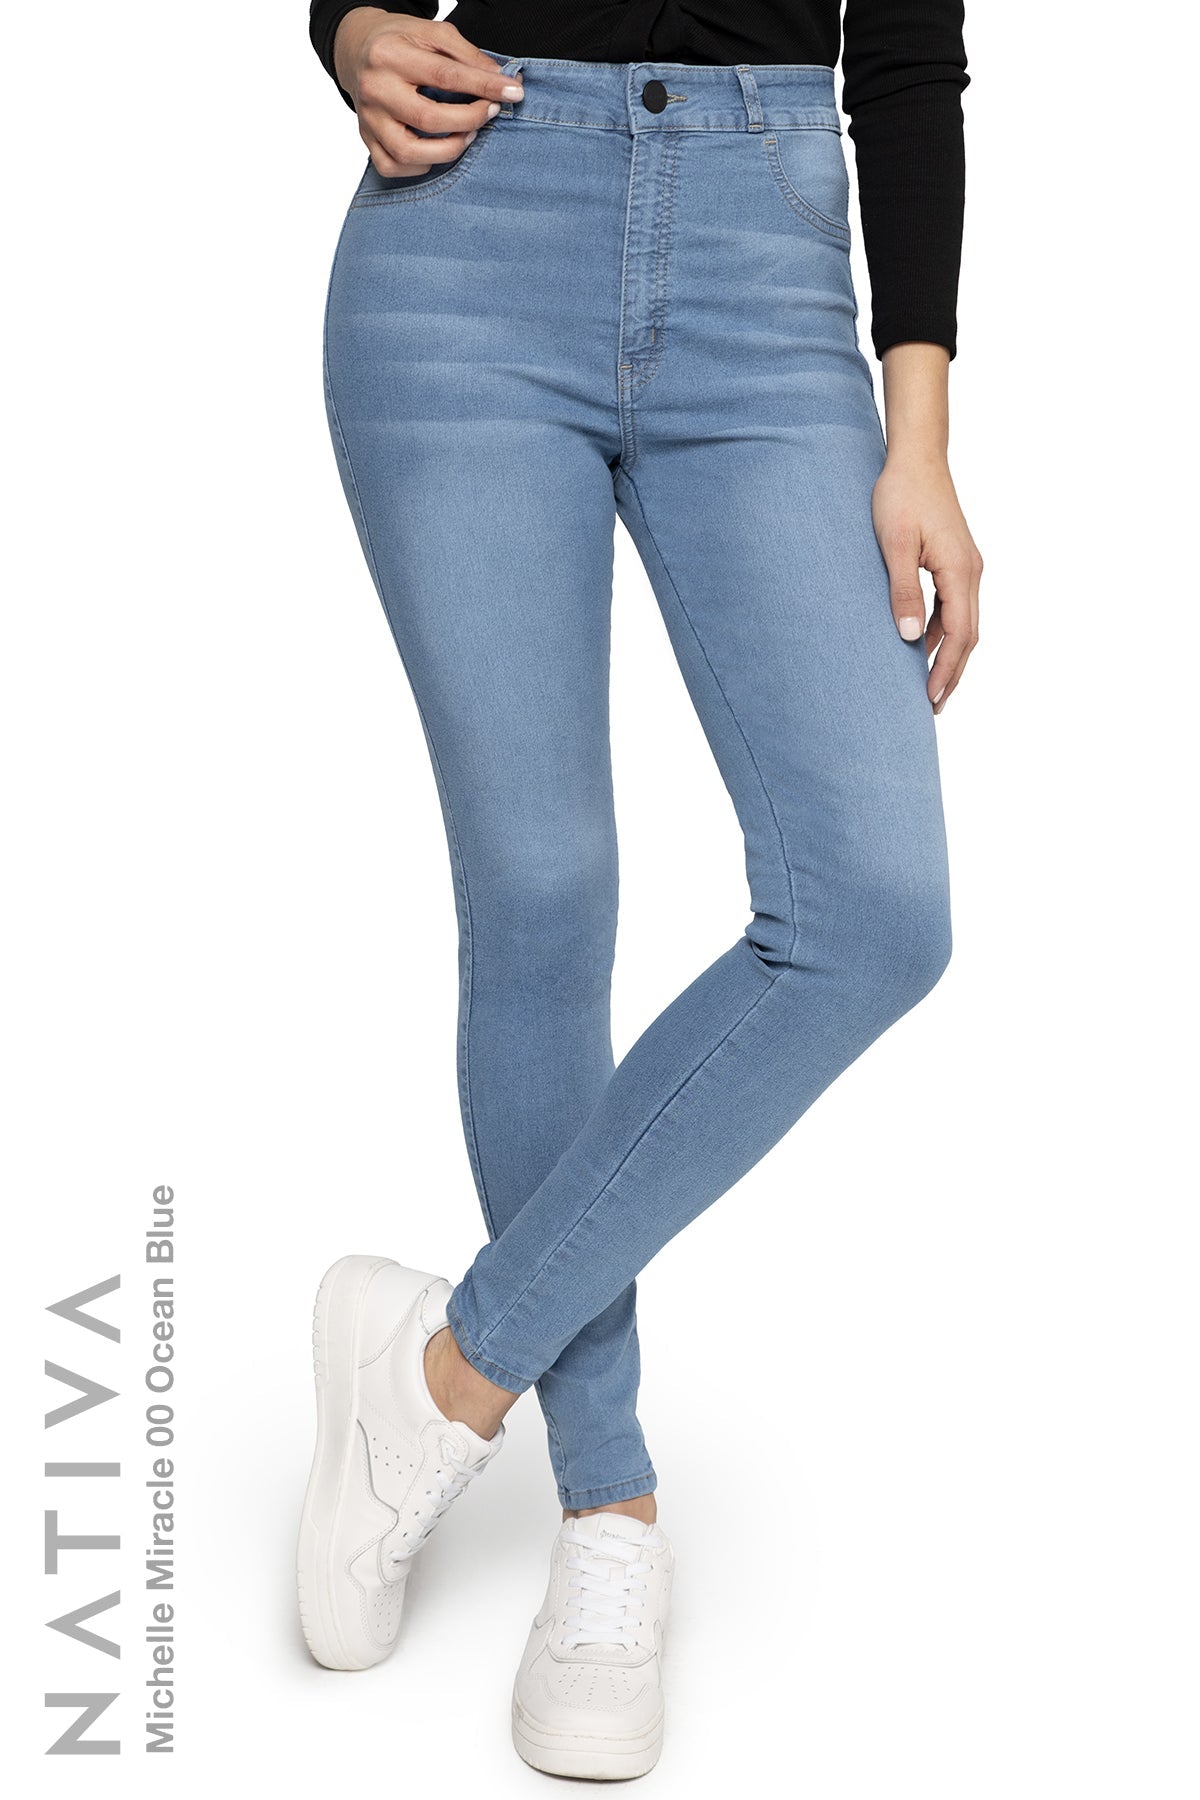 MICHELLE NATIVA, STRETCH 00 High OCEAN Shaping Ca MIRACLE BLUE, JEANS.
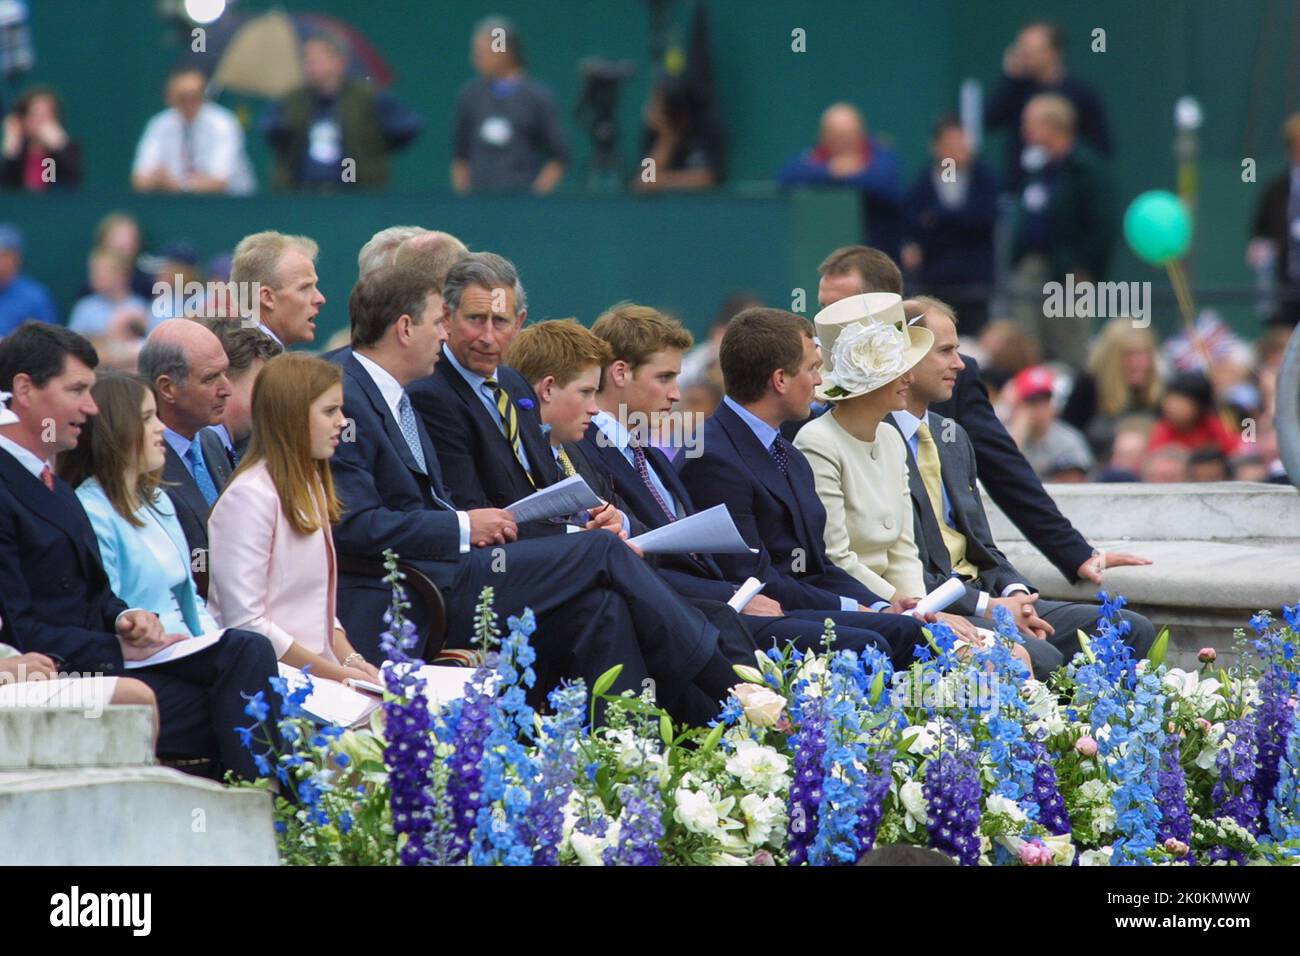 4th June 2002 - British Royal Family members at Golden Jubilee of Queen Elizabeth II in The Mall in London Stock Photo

________________

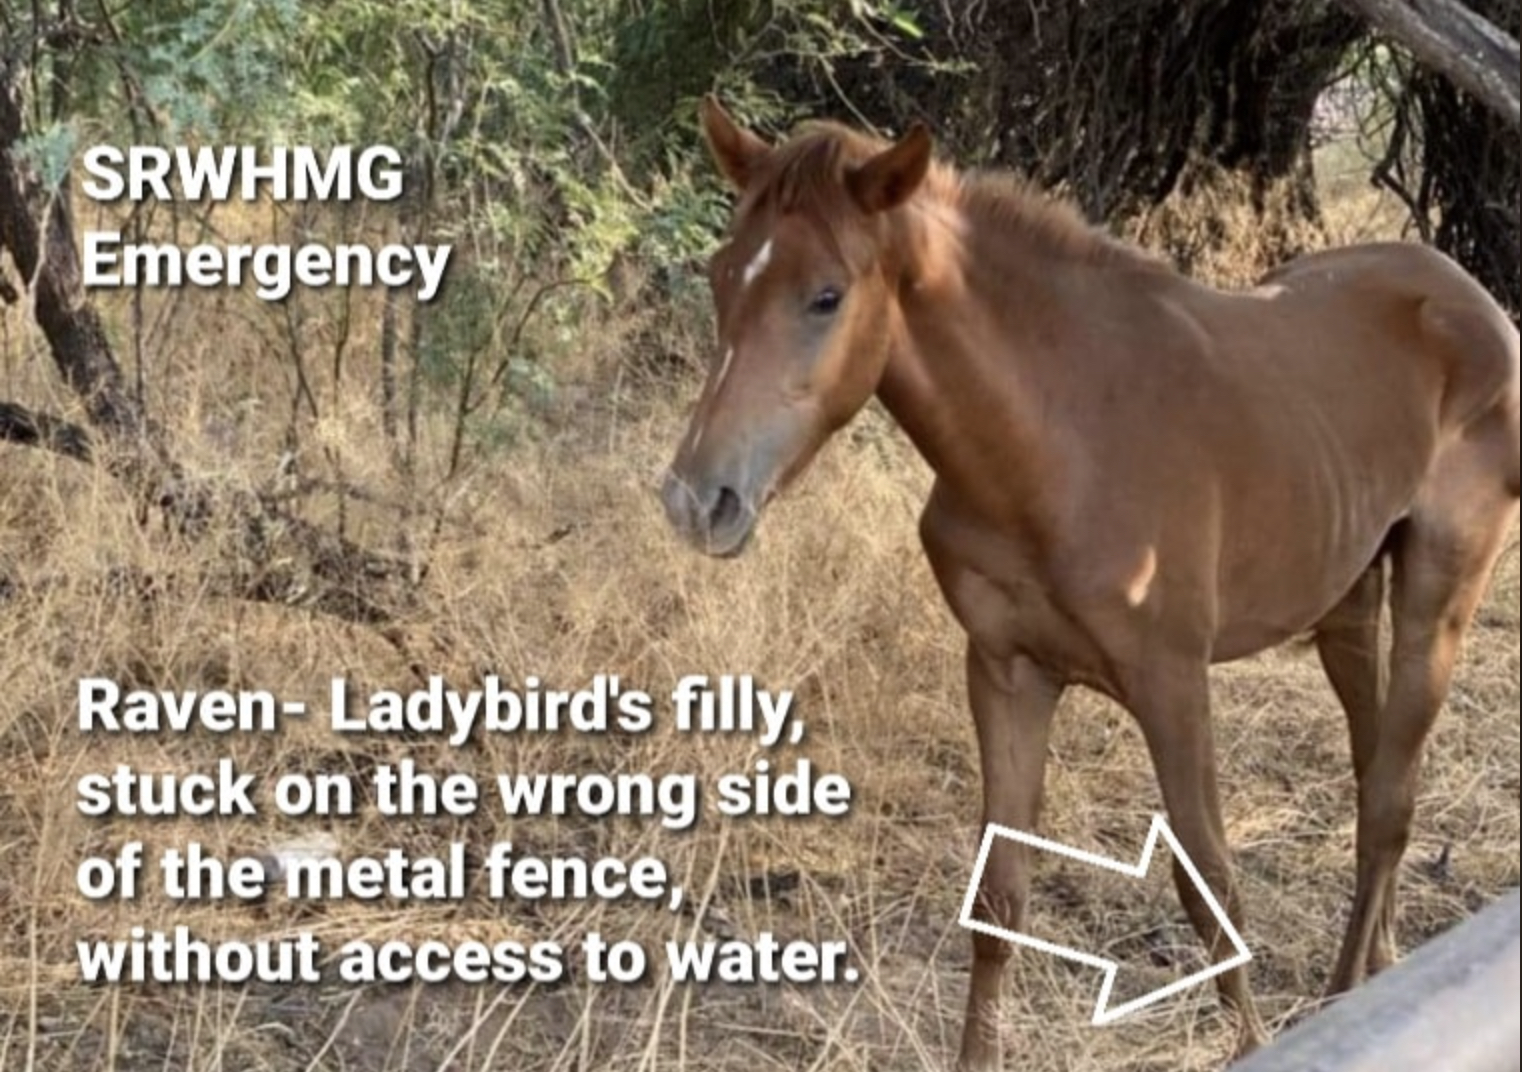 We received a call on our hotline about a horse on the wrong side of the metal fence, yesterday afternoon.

________________

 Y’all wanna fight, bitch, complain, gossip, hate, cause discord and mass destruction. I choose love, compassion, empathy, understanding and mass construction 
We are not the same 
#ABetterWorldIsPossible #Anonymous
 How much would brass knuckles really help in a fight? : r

________________

• _AIM OF THE TASK_
Your answer should be a single number: how many lines of the listing hold the string "fight".

• _PROBLEM SOLUTION_
2